Source code for nnsa.io.readers

"""
Module for reading data files (builds on edfreadpy).

Supports EDF, EDF+, EDF+D, EDF+C.

"""
import sys
import warnings

import pyprind

import nnsa.edfreadpy as edfreadpy
from nnsa.edfreadpy.io.config import EEG_LABELS
from nnsa.containers.time_series import TimeSeries
from nnsa.edfreadpy.io.utils import standardize_and_check_eeg_label
from nnsa.containers.datasets import EegDataset, BaseDataset, OxygenDataset
import numpy as np

__all__ = [
    'EdfReader',
]


[docs]class EdfReader(edfreadpy.EdfReader):
    """
    Child of edfreadpy.EdfReader, which includes interfaces to load data into nnsa containers.

    Args:
        filepath (str): path to the EDF(+) file to read (see edfreadpy.EdfReader).
    """
[docs]    def read_bp_dataset(self, begin=0, end=None, patterns=None, **kwargs):
        """
        Read all blood-pressure signals into a Dataset object.

        Args:
            begin (float, optional): begin time (in seconds) of the signal to read. By default reading starts at the
                beginning of the signal (i.e. at 0 seconds).
            end (float, optional): end time (in seconds) of the signal to read. By default reading ends at the end of
                the signal.
            patterns (list): optional list of patterns to look for in the EDF signal labels.
                If None, a default list of patterns will be used.
            **kwargs (optional): optional additional keyword arguments for self.read_time_series.

        Returns:
            (nnsa.BaseDataset or list): nnsa BaseDataset containing the signals from the EDF file.
                In case of EDF+D file and output == 'all', a list with BaseDataset objects is returned.
        """
        labels = self.signal_headers['label']
        ds = BaseDataset()

        if patterns is None:
            units = self.signal_headers['physical_dimension']
            for lab, un in zip(labels, units):
                if 'BP' in lab or 'mmhg' in un.lower():
                    ts = self.read_time_series(begin=begin, end=end, channel=lab,
                                               check_label=False, check_unit=False, **kwargs)
                    ds.append(ts)
        else:
            if isinstance(patterns, str):
                patterns = [patterns]
            for lab in labels:
                if any([pat in lab for pat in patterns]):
                    ts = self.read_time_series(begin=begin, end=end, channel=lab,
                                               check_label=False, check_unit=False, **kwargs)
                    ds.append(ts)
        return ds

[docs]    def read_eeg_dataset(self, channels=None, begin=0, end=None, exclude_channels=None, discontinuous_mode='longest',
                         verbose=0, **kwargs):
        """
        Read EEG data from the EDF file as TimeSeries object per EEG channel and return them collectively in an
        EegDataset object.

        Args:
            channels (list, optional): list of signal labels, specifying which channels to read.

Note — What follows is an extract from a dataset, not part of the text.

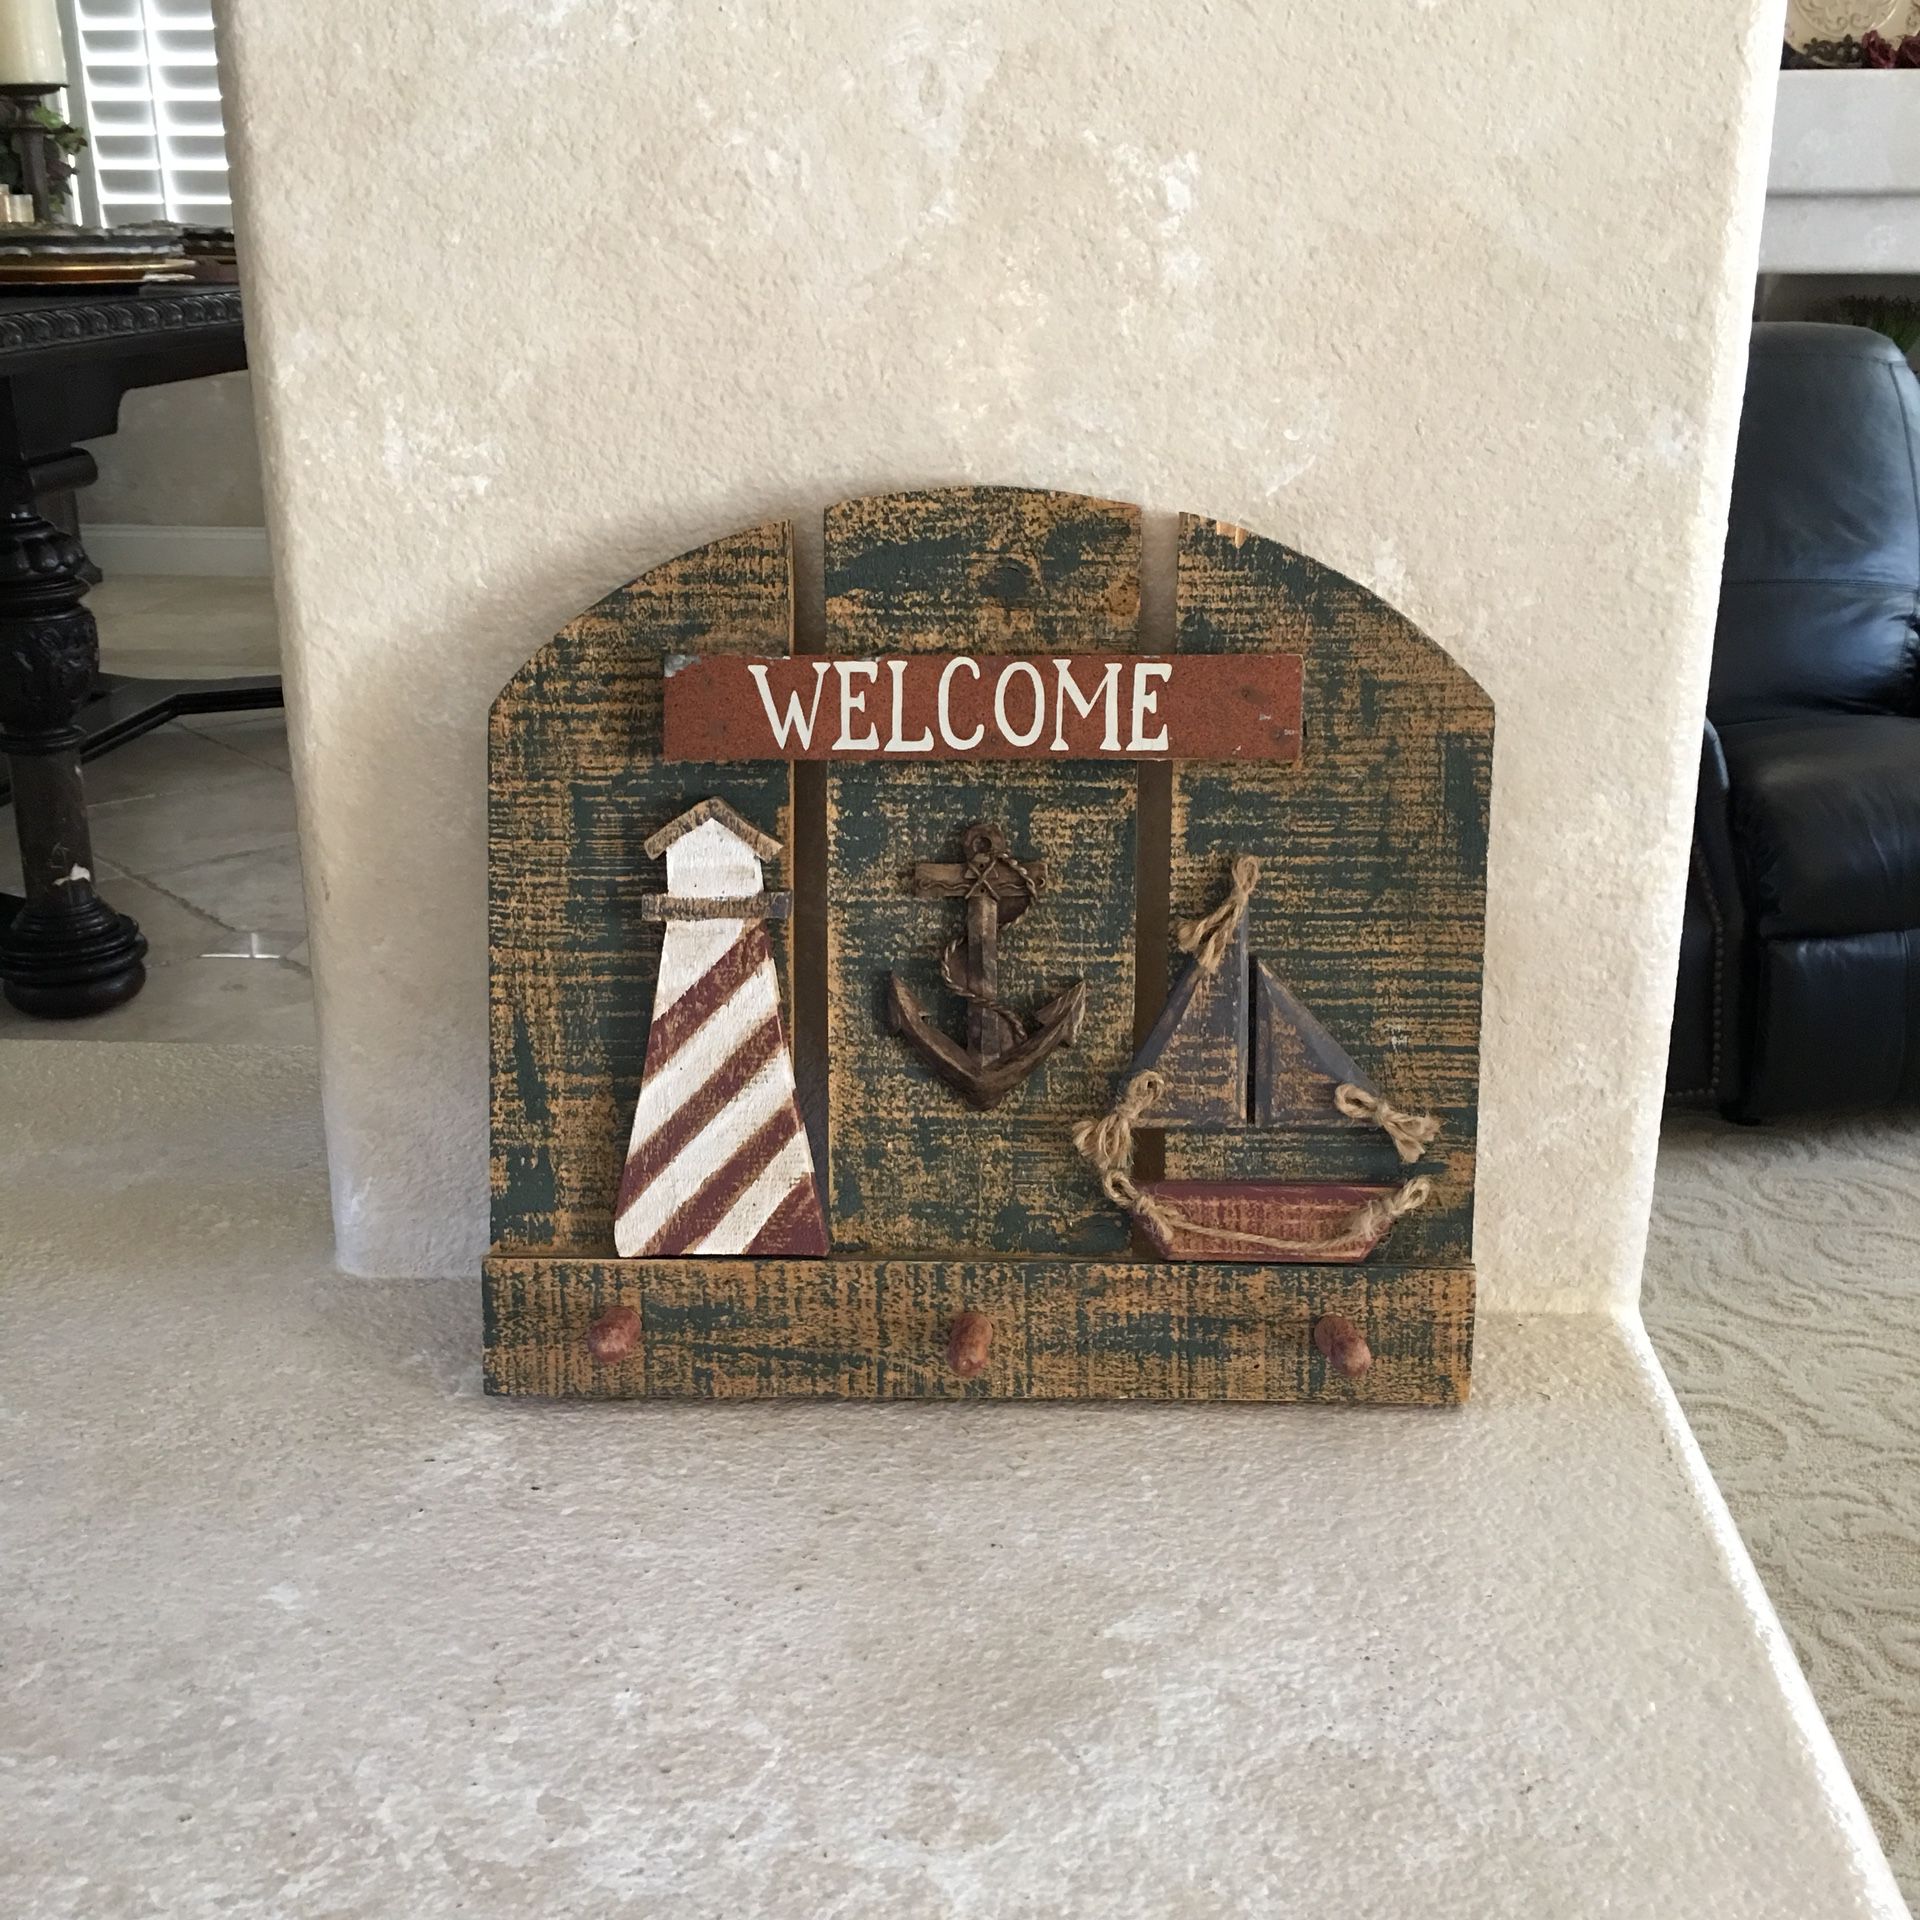 (30% off pick NAUTICAL 13.75” x 12"x1” Wood WELCOME SIGN Distressed LIGHTHOUSE+SAILBOAT+ANCHOR

If None, all EEG
                channels are read. Default is None.
            begin (float, optional): begin time (in seconds) of the signal to read. By default reading starts at the
                beginning of the signal (i.e. at 0 seconds).
            end (float, optional): end time (in seconds) of the signal to read. By default reading ends at the end of
                the signal.
            exclude_channels (list, optional): list of signal labels, specifying which EEG channels not to read. If
                None, no EEG channels are excluded. Default is None.
            discontinuous_mode (str, optional): how to handle discontinuous data (EDF+D).
                If 'longest', return the longest continuous segment.
                If 'all', return a list of all continuous segments.
                If 'fill' or 'full', merge all sements filling up the gaps with nan.
                If 'ignore', the discontinuous signal is returned as if it is continuous.
                See also self._handle_discontinuous_signal().
                Defaults to 'longest'.
            verbose (int): verbosity level. If 1, a progress bar is shown.
            **kwargs (optional): optional keyword arguments for specifying TimeSeries parameters.

        Returns:
            (nnsa.EegDataset or list): nnsa EegDataset containing the EEG signals from the EDF file.
                In case of EDF+D file and output == 'all', a list with EegDataset objects is returned.
        """
        # Default options.
        if channels is None:
            # Consider all channels.
            channels = self.signal_headers['label']
            channels_specified = False
        else:
            # Use specified channels.
            channels_specified = True

        if exclude_channels is None:
            # By default, do not exclude any channels.
            exclude_channels = []
        else:
            # Check that the specified channels are valid and warn the user if not.
            for label in exclude_channels:
                if not standardize_and_check_eeg_label(label)[1]:
                    warnings.warn('\nChannel to be excluded "{}" is not a valid EEG channel.'
                                  .format(label))
        if begin is None:
            begin = 0

        # Collect all EEG channels to read.
        channels_to_read = []

        # Read EEG data.
        for label in channels:
            if label in exclude_channels:
                # Skip this channel.
                continue

            # Check if label is a valid EEG label.
            valid_eeg_label = standardize_and_check_eeg_label(label)[1]

            # In case of a label specified by the user, raise an error if the label is not valid or not available.
            if channels_specified:
                if not valid_eeg_label:
                    raise ValueError('Invalid EEG channel "{}". Valid EEG channels are: {}.'
                                     .format(label, EEG_LABELS))
                if label not in self.signal_headers['label']:
                    raise ValueError('Channel "{}" not in EDF file. Channels in EDF file: {}.'
                                     .format(label, self.signal_headers['label']))

            # Read channel if it is an EEG channel.
            if valid_eeg_label:
                channels_to_read.append(label)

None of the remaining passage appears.